=== Supplied material ===
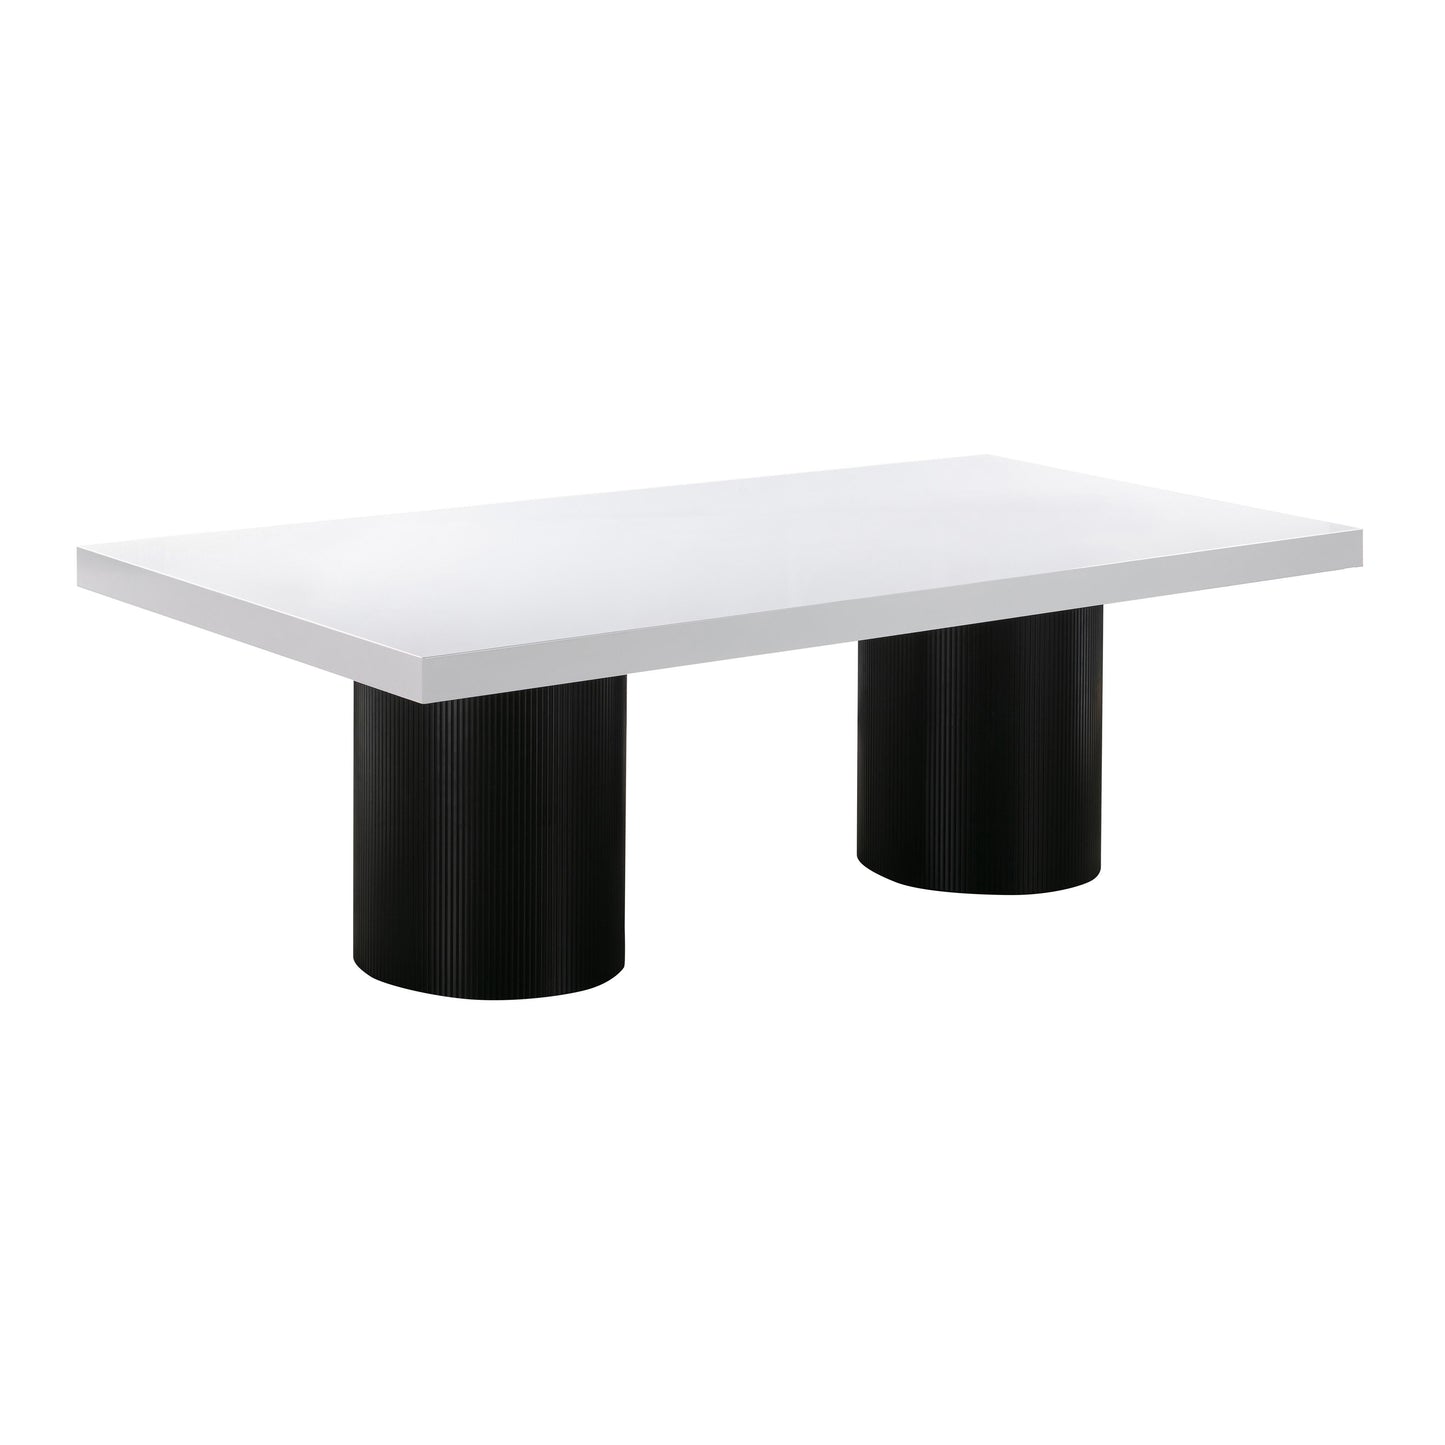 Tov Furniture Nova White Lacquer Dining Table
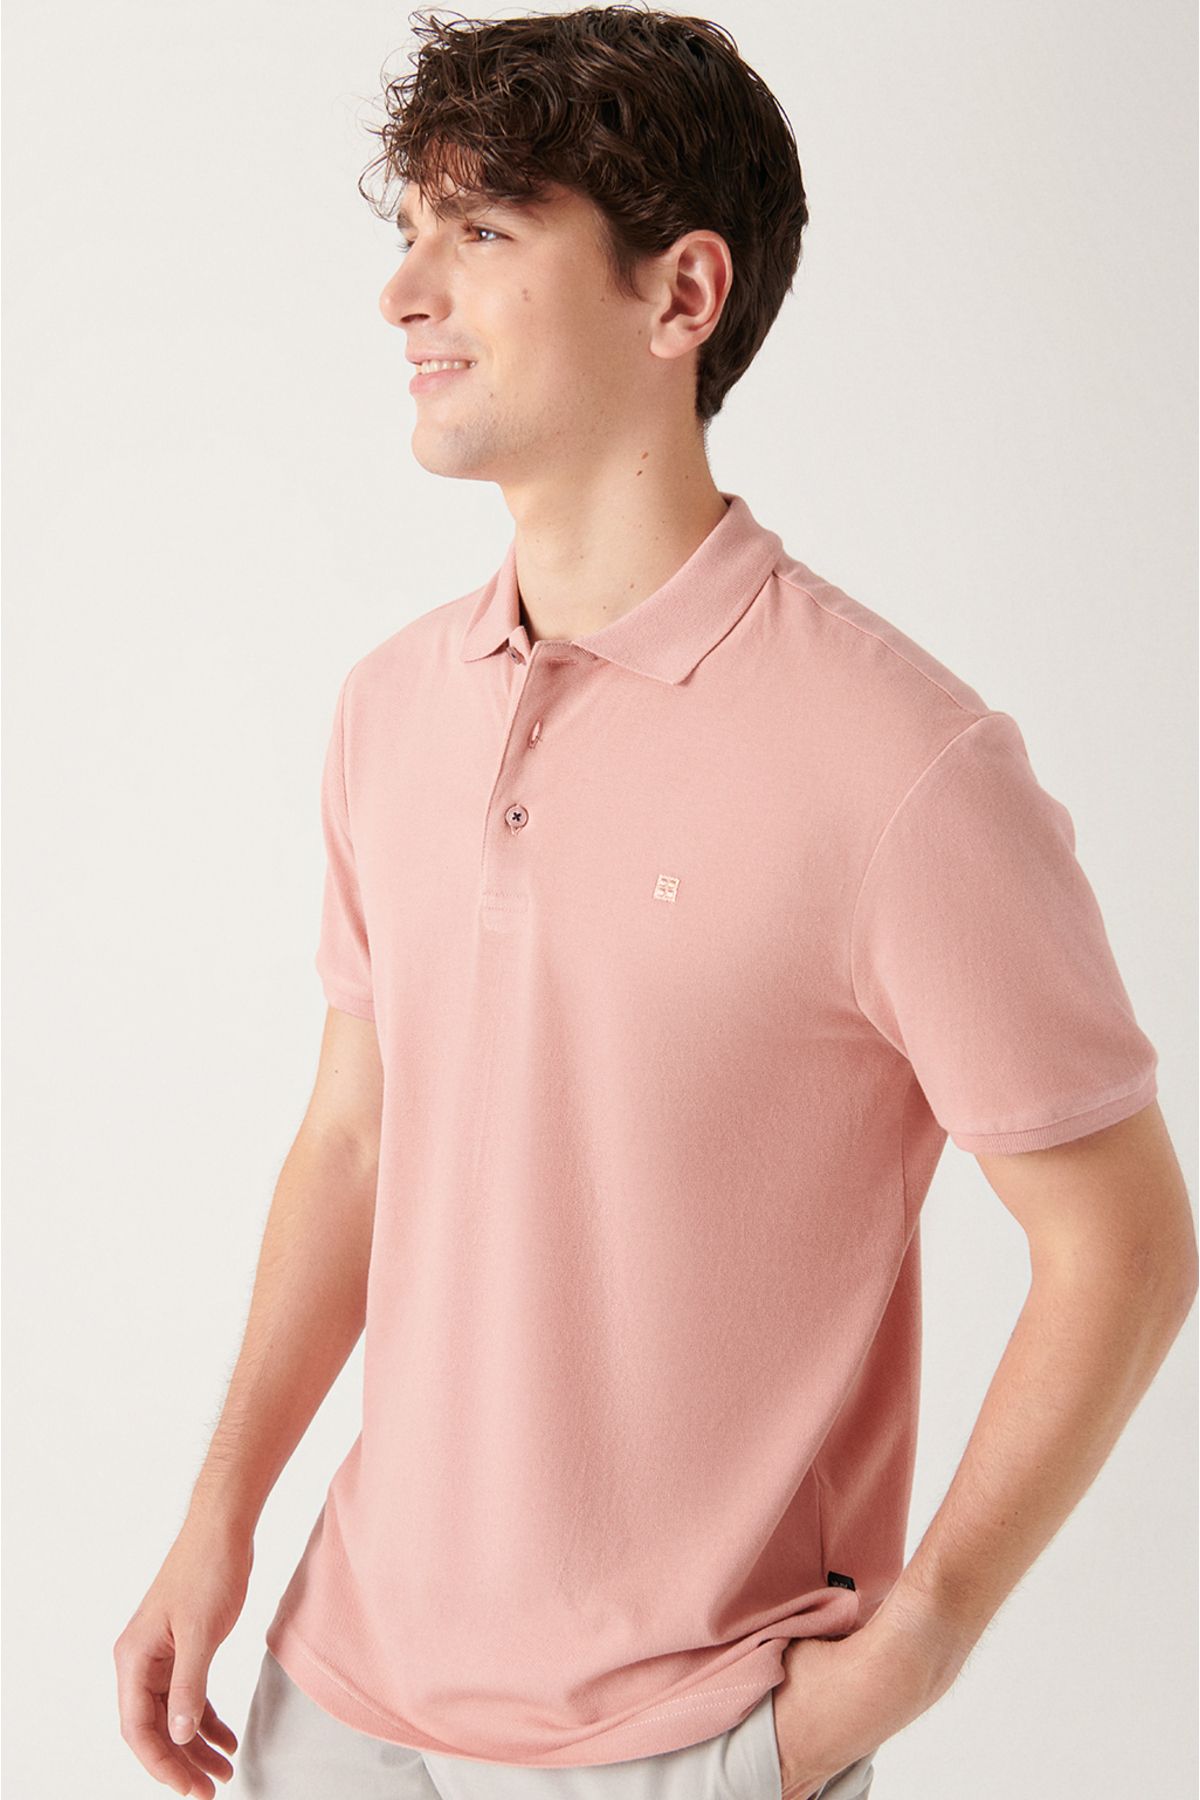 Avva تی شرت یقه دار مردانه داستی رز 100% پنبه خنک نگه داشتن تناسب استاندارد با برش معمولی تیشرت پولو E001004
===
=== Supplied material ===
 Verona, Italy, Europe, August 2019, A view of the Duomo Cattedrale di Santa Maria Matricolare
===
Task directions: Go back to the listing above and write out the lines starting at the one with "Tov Furniture Nova" and ending at the one with "Avva تی شرت", inclusive, exactly and without pictures.

Result for this exercise:
 Tov Furniture Nova White Lacquer Dining Table
 Avva تی شرت یقه دار مردانه داستی رز 100% پنبه خنک نگه داشتن تناسب استاندارد با برش معمولی تیشرت پولو E001004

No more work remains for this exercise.